Copy data from flat file with multiple headers

  • Hi,

    I am trying to copy data from a flat file (CSV) which has multiple headers between the row values to a SQL table. The SSIS package was initially built to only copy data across from flat file with single header but now the functionality has changed.

    The data needs to be written to a table in SQL and it also includes transformation component. Could someone please give any suggestions in this regard. Please find the SSIS and other files attached.

    Thanks.

  • pwalter83 - Friday, May 5, 2017 5:04 AM

    Hi,

    I am trying to copy data from a flat file (CSV) which has multiple headers between the row values to a SQL table. The SSIS package was initially built to only copy data across from flat file with single header but now the functionality has changed.

    The data needs to be written to a table in SQL and it also includes transformation component. Could someone please give any suggestions in this regard. Please find the SSIS and other files attached.

    Thanks.

    My normal approach is to use ELT rather than ETL, load everything into a staging table as it appears in the file and then do grouping and transformations.
    😎
    BTW, cannot see any attachments in your post.

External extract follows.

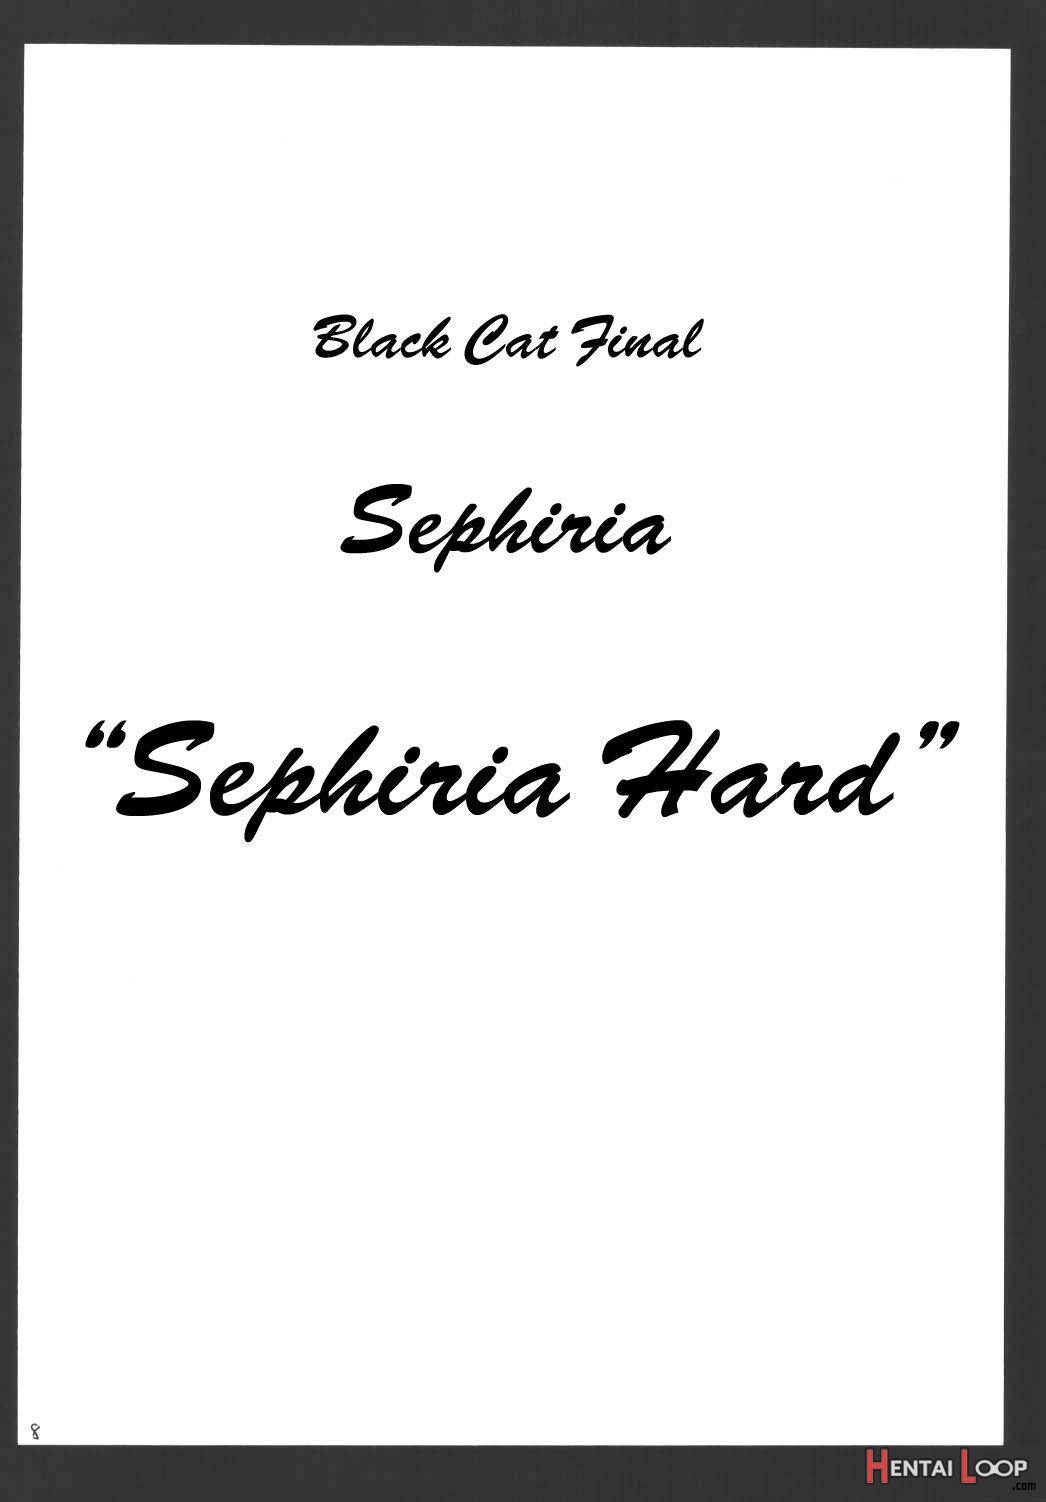 Black Cat Final page 6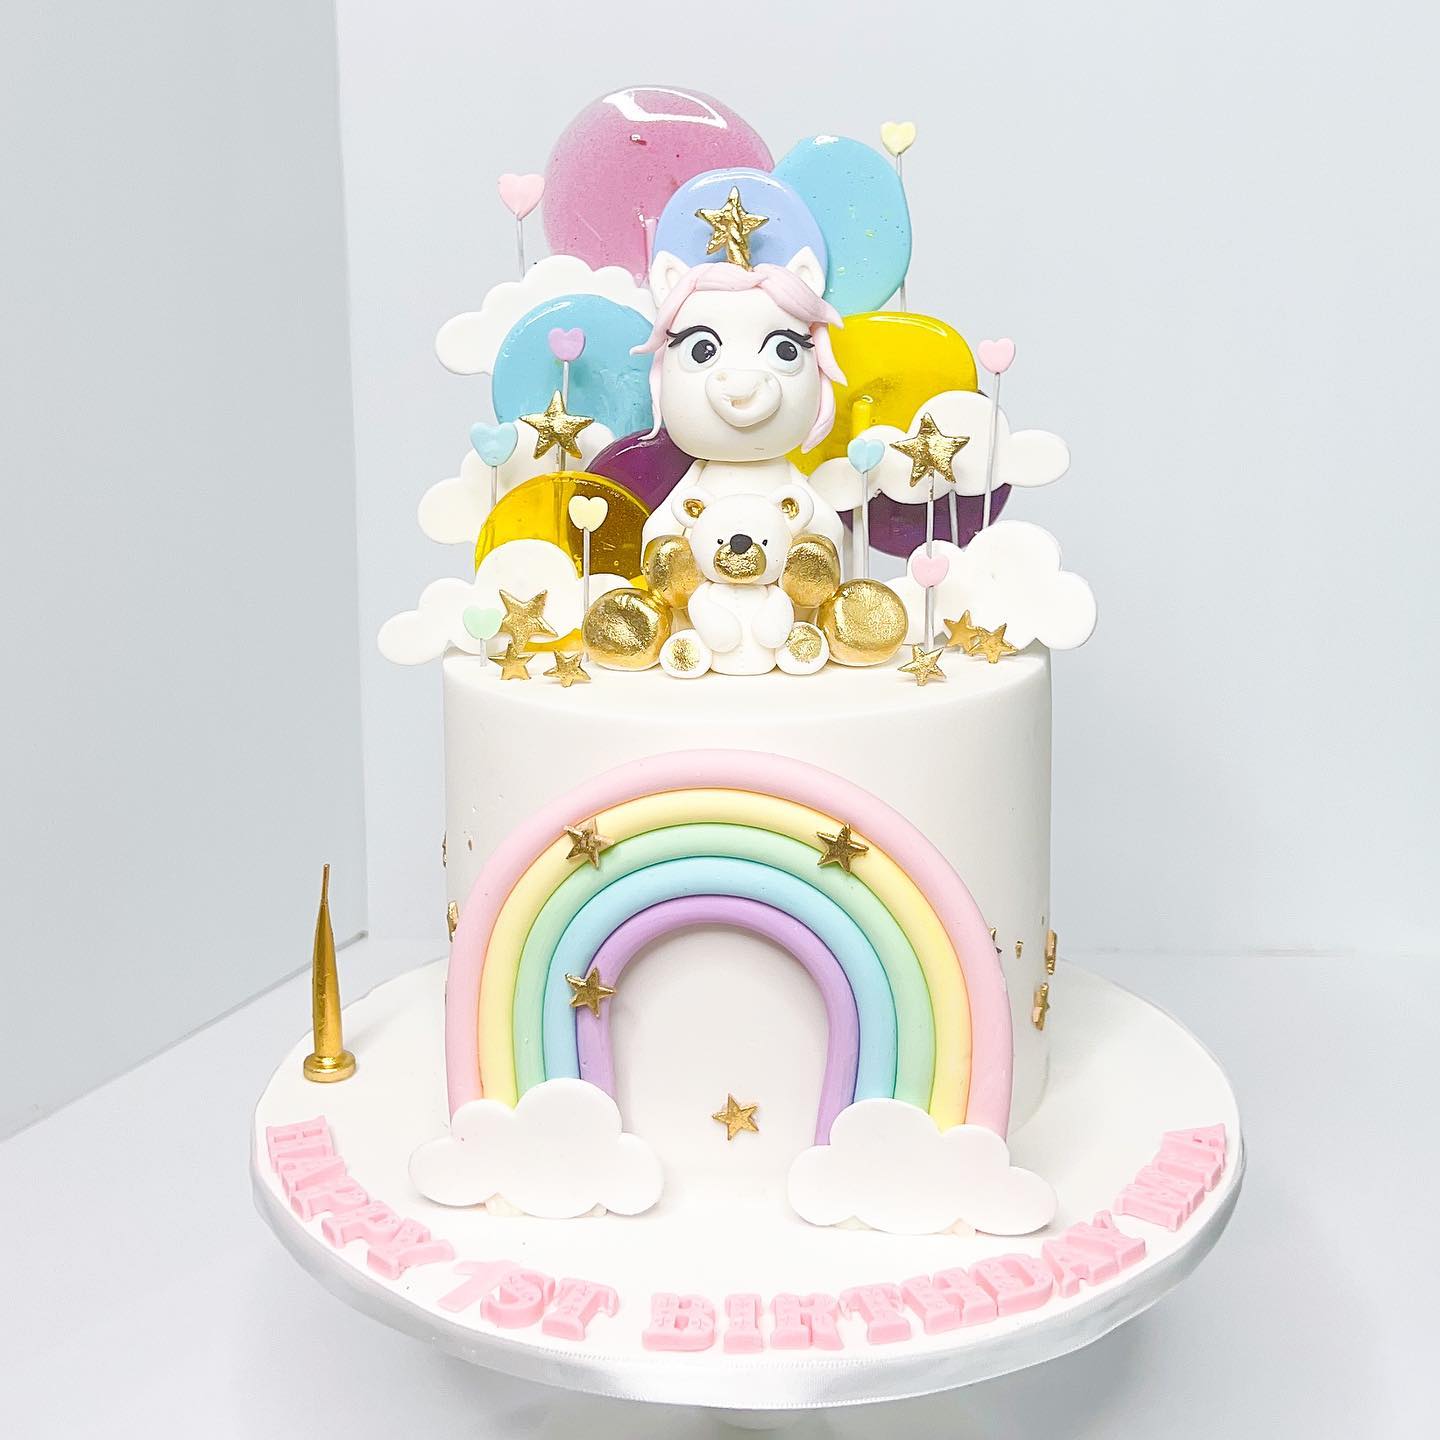 Easy Unicorn Cake Tutorial With Free Unicorn Eye Printable! - YouTube

  • pwalter83 - Friday, May 5, 2017 5:04 AM

    Hi,

    I am trying to copy data from a flat file (CSV) which has multiple headers between the row values to a SQL table. The SSIS package was initially built to only copy data across from flat file with single header but now the functionality has changed.

    The data needs to be written to a table in SQL and it also includes transformation component. Could someone please give any suggestions in this regard. Please find the SSIS and other files attached.

    Thanks.

    Could just be me but I see no attachments.

    --Jeff Moden


    RBAR is pronounced "ree-bar" and is a "Modenism" for Row-By-Agonizing-Row.
    First step towards the paradigm shift of writing Set Based code:
    ________Stop thinking about what you want to do to a ROW... think, instead, of what you want to do to a COLUMN.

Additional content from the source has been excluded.